In the Doctrine, How to Achieve Additional Model Functionality for Entity

Suppose I have a Doctrine entity (version 2) as follows:

<?php namespace AppBundle\Entity; use Doctrine\ORM\Mapping as ORM; /** * User * * @ORM\Table(name="users") * @ORM\Entity */ class User { /** * @var integer * * @ORM\Column(name="id", type="integer") * @ORM\Id * @ORM\GeneratedValue(strategy="IDENTITY") */ private $id /** * @var string * * @ORM\Column(name="name", type="string", length=50, nullable=false) */ private $name; /** * @var string * * @ORM\Column(name="group_id", type="string", length=6, nullable=true) */ private $groupId; // Getters and setters... } 

Now I would like to control the relationship of User to Group , but with some conditions, for example:

  1. returning NULL (or some skeleton / template \AppBundle\Entity\Group with fixed values ​​not loaded from the database) if Group of users.group_id does not exist, even if it is set to (without key restrictions to the database, to prevent this behavior), therefore some verification / verification is required
  2. lazy loading Group , when calling $user->getGroup()
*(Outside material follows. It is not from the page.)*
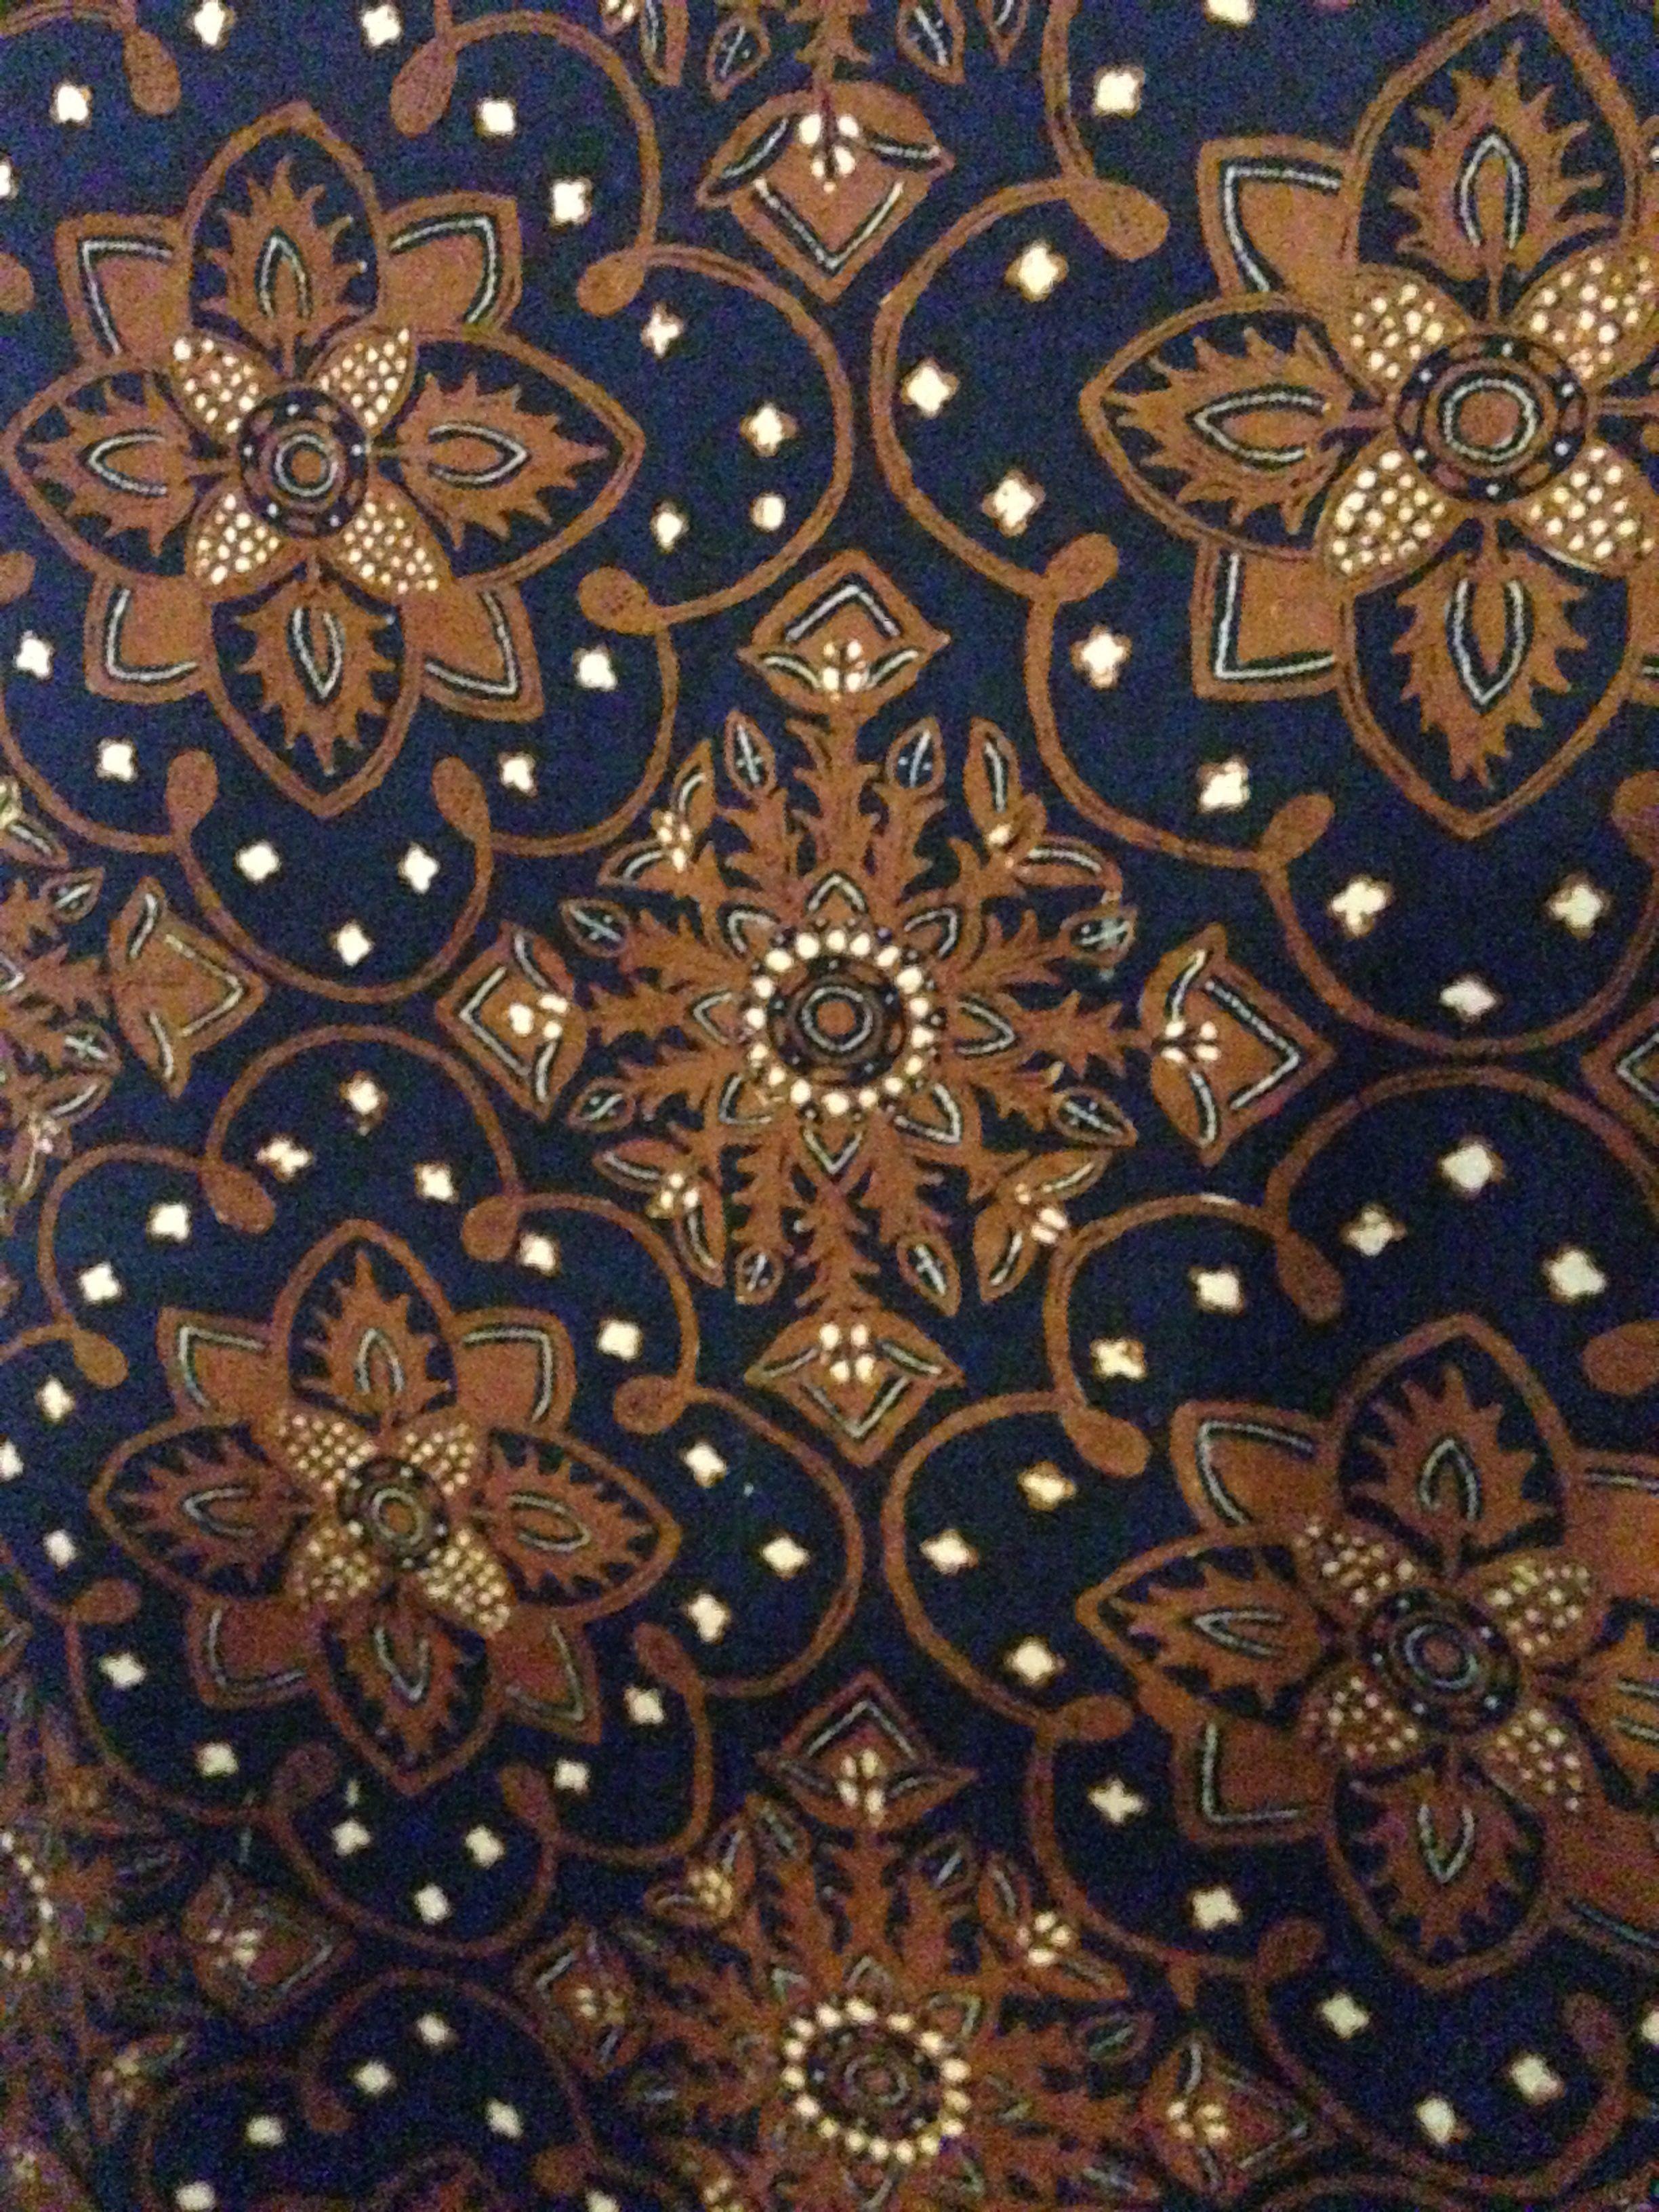 Cara Pembuatan Batik : pembuatan, batik, ᗷᗩTIK, Ideas, Batik,, Resist,, Indonesian, Batik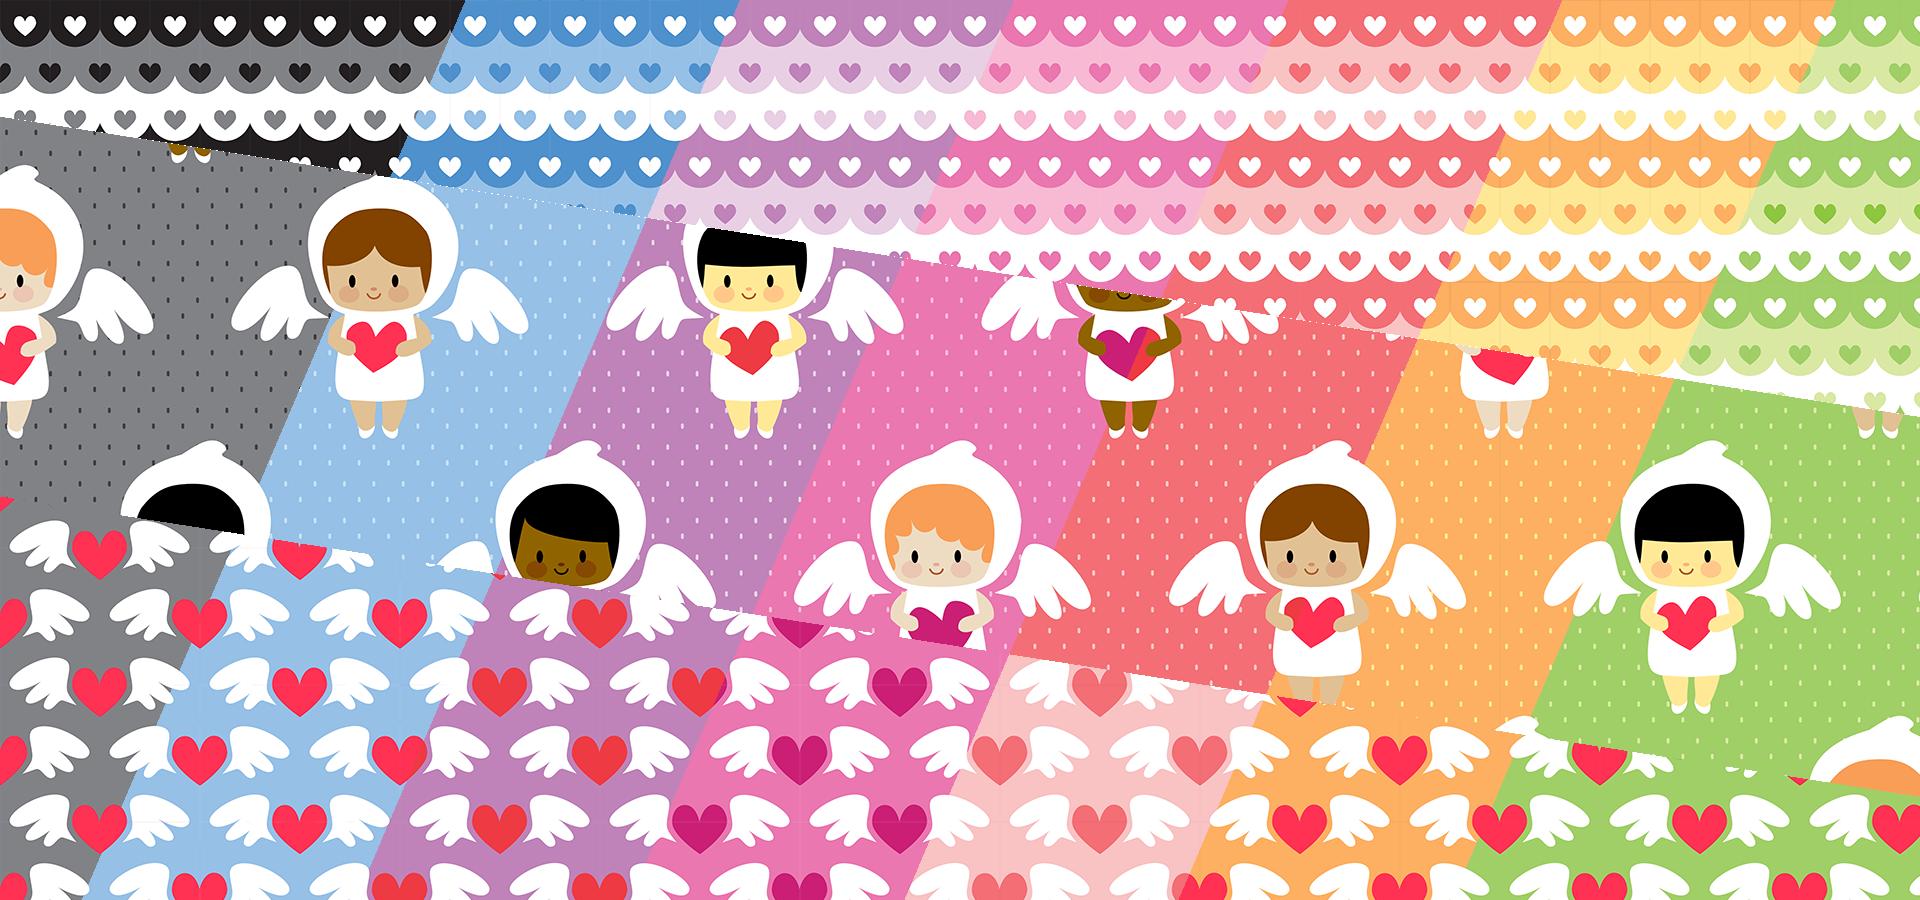 Collection motifs anges kawaii et petits coeurs

I continue to read Google, and I do not understand how to achieve this correctly (in accordance with the principles of Doctrine / Symfony).

I could add ManyToOne to the entity class as follows:

 /** * @var \AppBundle\Entity\Group * * @ORM\ManyToOne(targetEntity="AppBundle\Entity\Group") * @ORM\JoinColumns({ * @ORM\JoinColumn(name="group_id", referencedColumnName="id") * }) */ private $group; 

But then how to prevent exceptions caused by non-existent foreign keys? That is, I would like to get information about a user group when they are available in my database, but when it is not, I do not want Doctrine to throw an exception when my application crashes.

People say using Entity Manager from Entity is a very bad practice , and I agree. But I'm confused about using proxy objects or Inheritance Mapping for these purposes.

It seems that you can use Models , but I could not find convincing documentation on how to implement them correctly in Doctrine2.

Please help if you can. In Cohan, everything was so simple (but so immature).


EDIT:

@Massimiliano Fedel suggested trying to catch the exception in the User::getGroup() method so that eventually non-existent groups return as NULL .

So, I sent this code:

 /** * Get group * * @return \AppBundle\Entity\Group */ public function getGroup() { try { $group = $this->group; } catch (\Doctrine\ORM\EntityNotFoundException $e) { $group = null; } return $group; } 

Unfortunately, it seems that the exception cannot be caught this way because the framework exits with Doctrine\ORM\EntityNotFoundException :

 Entity of type 'AppBundle\Entity\Group' for IDs id(999) was not found 

UPDATE 2:

Below you can find the basing scheme of the User stream, i.e. I cannot guarantee that all Users will be accessible by Groups in my database.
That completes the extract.